Mr Lynch actually looks at me, his not-recently-washed face seeming to glow, albeit dully. 'Aw yeah, I can help ye with all that stuff. No problem.'

I smile. In all the time I lived in the more elevated and refined levels of the bridge not one of my neighbours even wished me good-day, far less offered help of any kind.

Mr Lynch takes me to a canteen where he buys me a fishmeal sausage and a plate of mashed seaweed. They are both appalling, but I am hungry. We drink tea from mugs. He is a carriage sweeper, he explains, and occupies room 308. He seems quite unduly impressed when I show him my plastic bracelet and tell him I am a patient. He explains how to go about claiming my allowance, in the morning. I am grateful. He even offers me a small loan until then, but I am too beholden to the man already, and refuse, with thanks.

The canteen is noisy, steamy, crowded, windowless; everything clatters, and the smells do nothing for my digestive processes. 'Chucked ye out, just like that, eh?'

'Yes. My doctor authorised it. I refused to undergo the treatment he had in mind for me; I assume that's why I was relocated, anyway. I may be wrong.'

'What a bastard, eh,' Mr Lynch shakes his head and looks fierce. 'Them doctors.'

'It does seem rather vindictive and petty, but I suppose I have only myself to blame.'

'Total bastards,' Mr Lynch maintains, and drinks tea from his mug.

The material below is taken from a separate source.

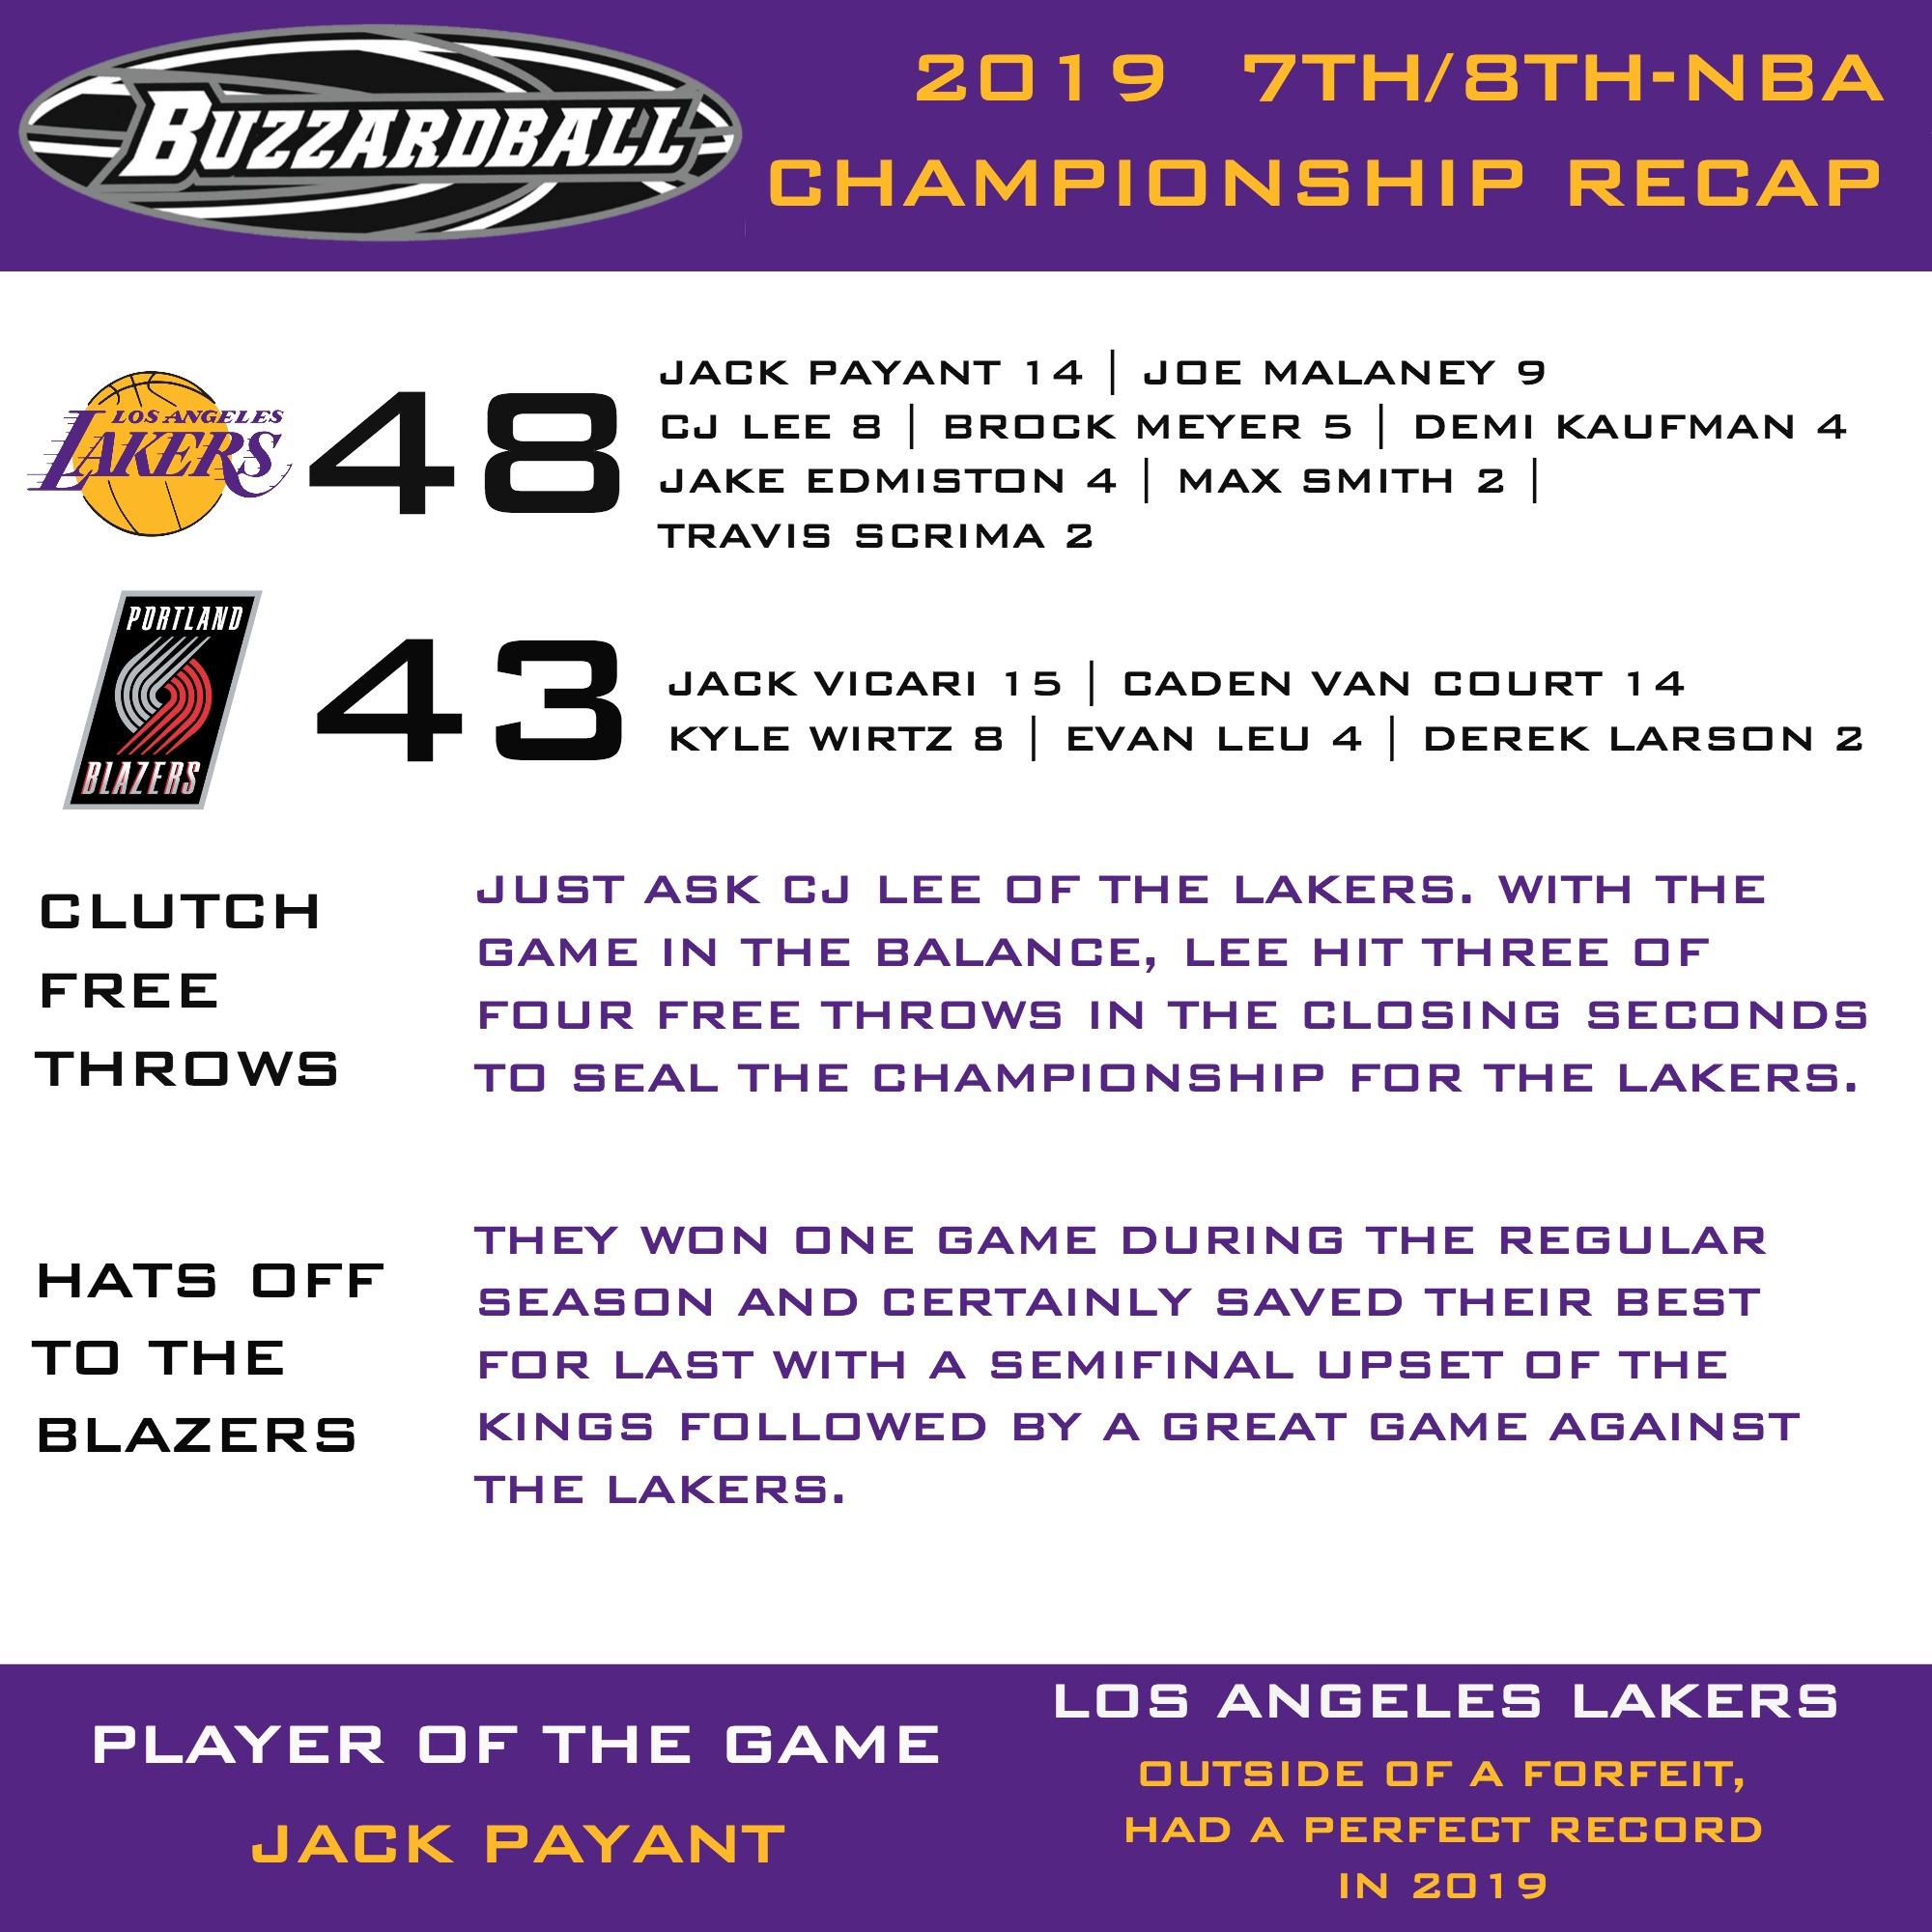 78 NBA Championship Recap.jpg

He slurps his tea; this has the same effect on me as nails scratched down a blackboard; I grit my teeth. I look at the clock above the serving hatch. I'll try to contact Brooke; he will probably be at Dissy Pitton's soon.

Mr Lynch takes out tobacco and papers and rolls himself a cigarette. He sniffs powerfully, and makes a grunting, snorting, catarrhal noise at the back of his throat. A hacking series of coughs, like a large sack of rocks being shaken vigorously somewhere inside Mr Lynch's chest, completes his ante-cigarette preparations.